37 Views
Archaeology Division
Volunteered - Oral Presentation Session
James Sheehy
Pennsylvania State University
The 1994-1998 Proyecto Acatzingo-Tepeaca settlement survey in Puebla, Mexico, identified many cave sites utilized from the Formative through the Postclassic Periods and into the present. Three cave clusters, especially, found between Tepeaca and Acatzingo, each served as a Chicomoztoc complex for nearby communities and functioned, at least in part, to legitimate statements of community identity, land ownership and political rule.
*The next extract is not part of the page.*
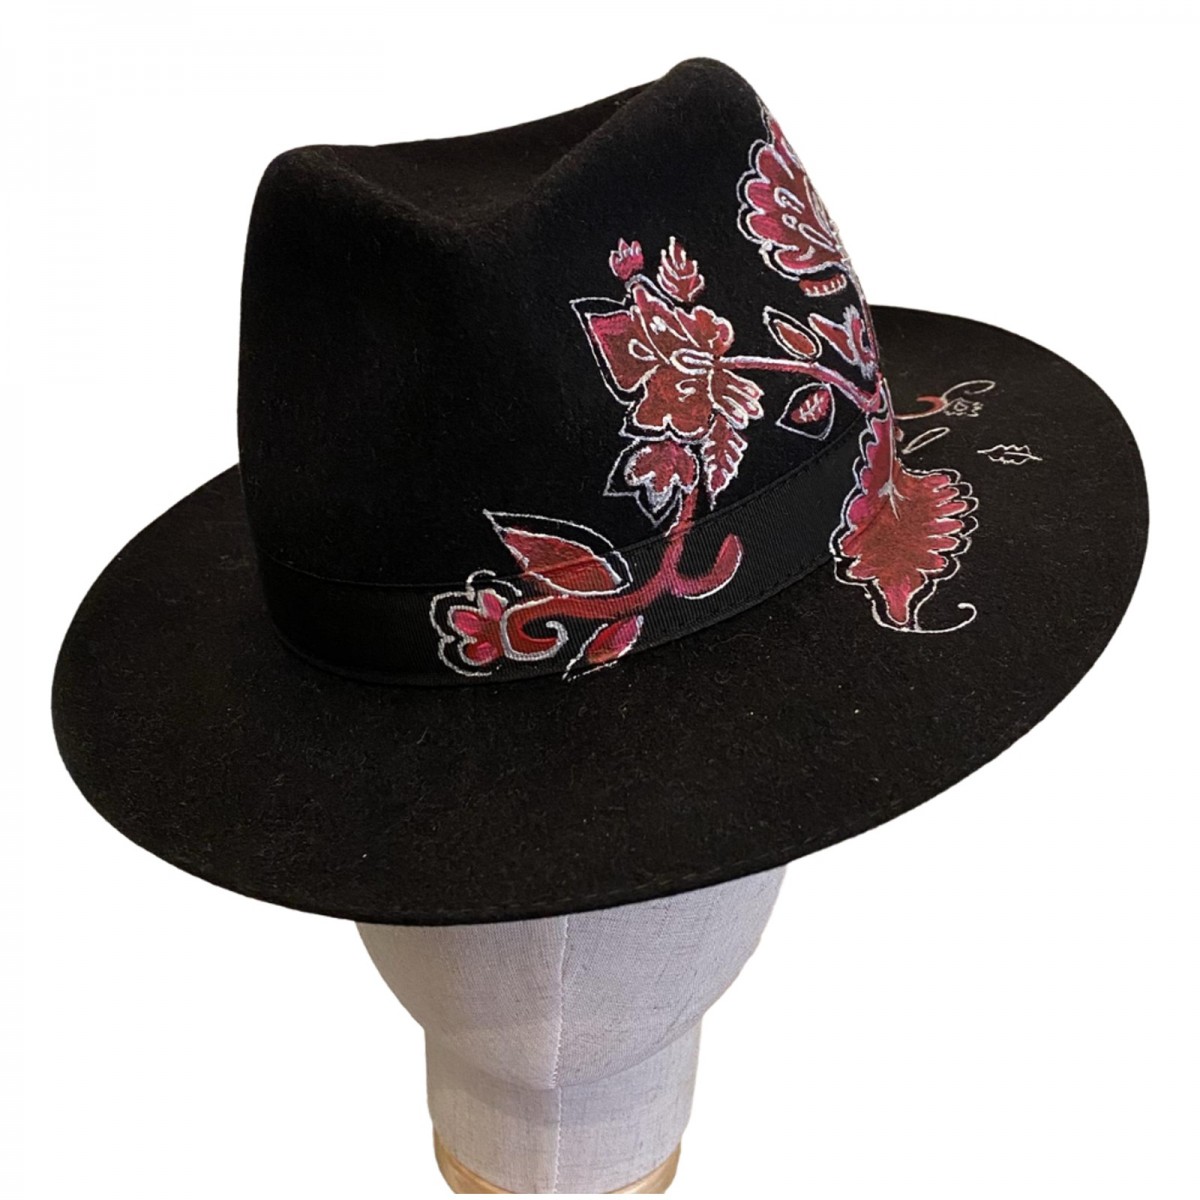 PANIZZA Fedora Pisa cappello 57 cm, Casentino lepre feltro

The most important Chicomoztoc cluster is situated directly in the Barranca del Aguila; The material remains from this cluster indicate it served as a focus for rituals during the Formative and Classic periods. In this paper, I reconstruct the Late Formative cosmovision and ritual in the barranca drawing on several categories of material cultural evidence including: the natural geology, topography and hydrology; the ceramic remains; the shaping of artificial caves and stairs; as well as, the symbolism of iconographic depictions on carved stone. A further source of data is the architectural remains of a three-mounded platform in the barranca and the Late Formative pyramidal site of Xochiltenango, located on a terrace formed by the first irrigation canal carrying waters from the Barranca de Aguila. Taken together, the above information provides the material cultural foundation to reconstruct the ancient cosmovision and distinct levels of ritual activities linked with this Chicomoztoc complex.